I don’t believe the questions were ill-intended. But they revealed the assumptions we all make about men and women, and the kind of unconscious bias we need to call out and address. That is how we will come to understand each other better, and level the playing field for everyone.
In the past year, particularly, I’ve been working to identify my own assumptions about others. I’ve sought out the voices of black women leaders, at Cardinal Health and in our community, to better understand their experiences and the social injustices they have faced. The more I listen and the more I learn, the more deeply committed I am to a workplace and a world that is diverse, equitable and inclusive.

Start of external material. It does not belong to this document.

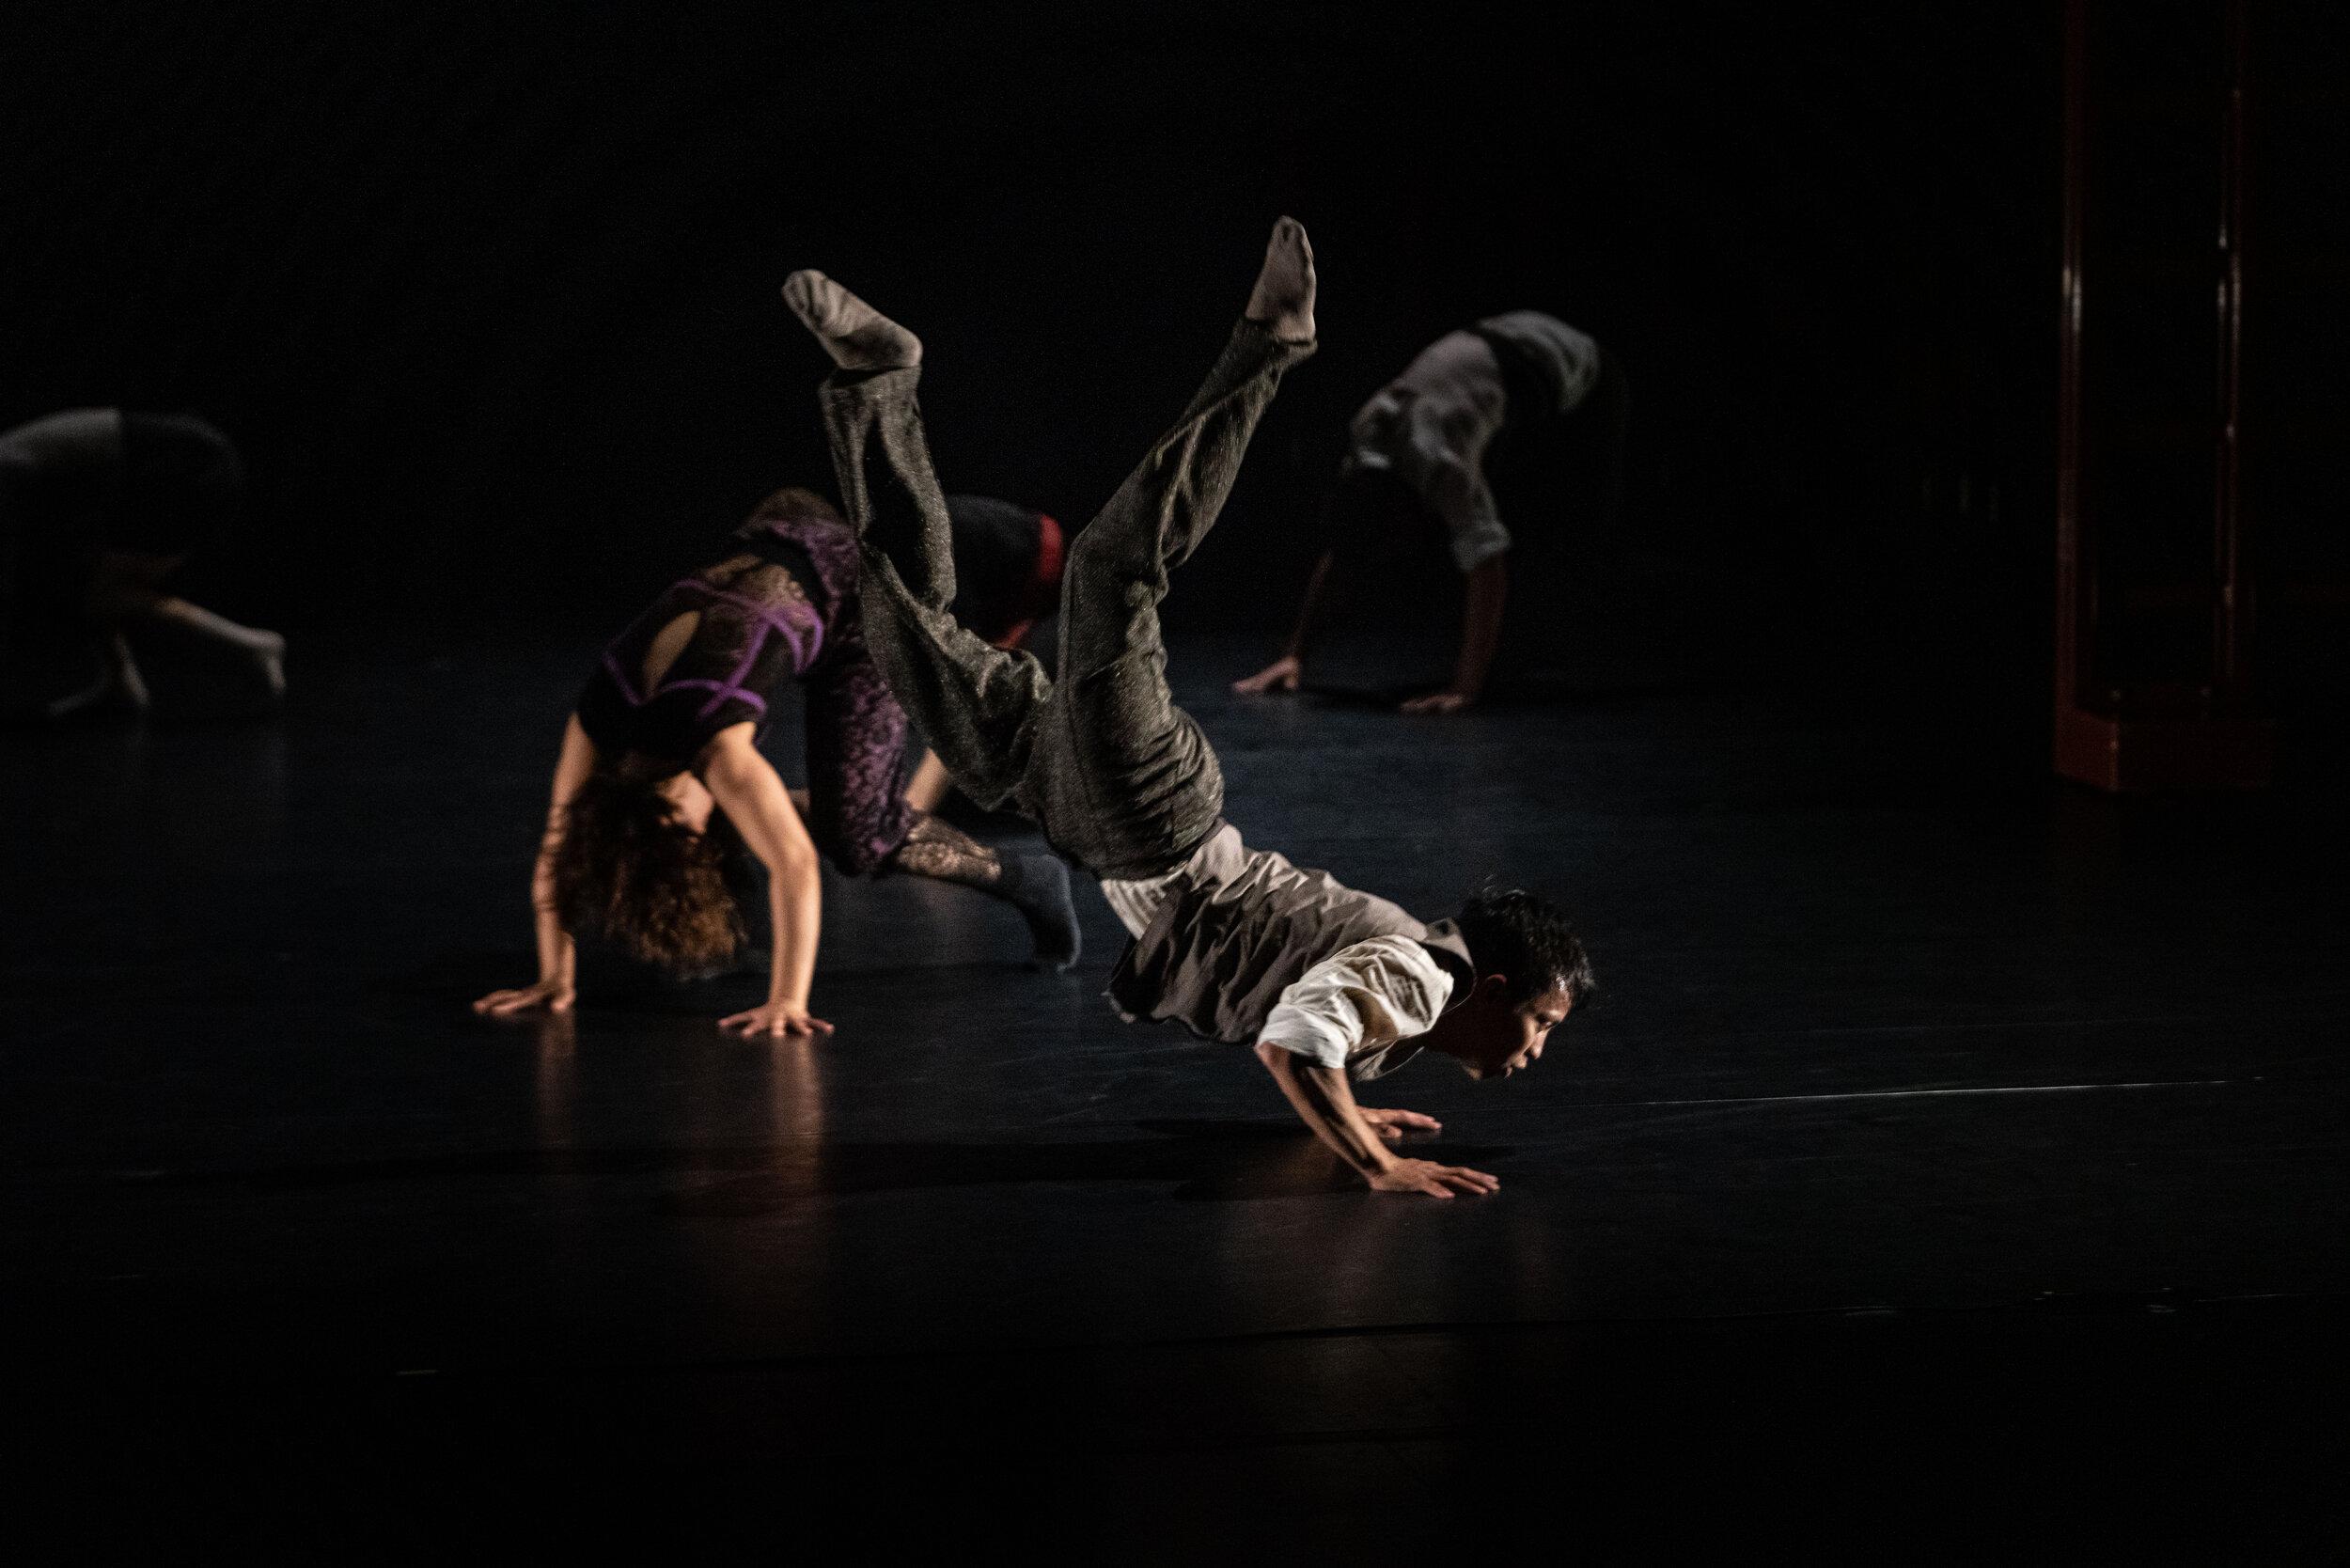 Jon Filip Fahlstrøm - CODACLASSRom for Dans / PRODA

Sarah Wills, Chief Corporate Affairs Officer
In my 30s, I worked as a policy director for a governor, often one of the few women in the room. When I was new in my role, the Governor asked for policy ideas for how he could support women’s health.
I proposed an idea to back legislation requiring health insurers to cover the costs of mammograms for women under 40 with a family history of breast cancer. I believed that because our state had a large number of young women fighting breast cancer, this policy would have an impact on women’s health, and would be positively received by our constituents. My male colleague, however, argued that young women would prefer free access to contraceptives. I was fairly confident, as a woman under 40, that they were wrong. We decided to poll some of our constituents, and found an overwhelming preference for mammograms. When the governor spoke about this legislative initiative in his annual State of the State speech, he received a standing ovation.
That was such an empowering experience. It was the first time that I had used my voice to support something that I thought was really important and would make a positive difference for lots of women. It helped me to trust my instincts and step into my confidence.
As I have grown as a leader, I have tried to help women and others who traditionally have not had a voice to find their power and make their voices heard. That’s how all of us win. When we are inclusive, we’re more creative, more innovative and get better results.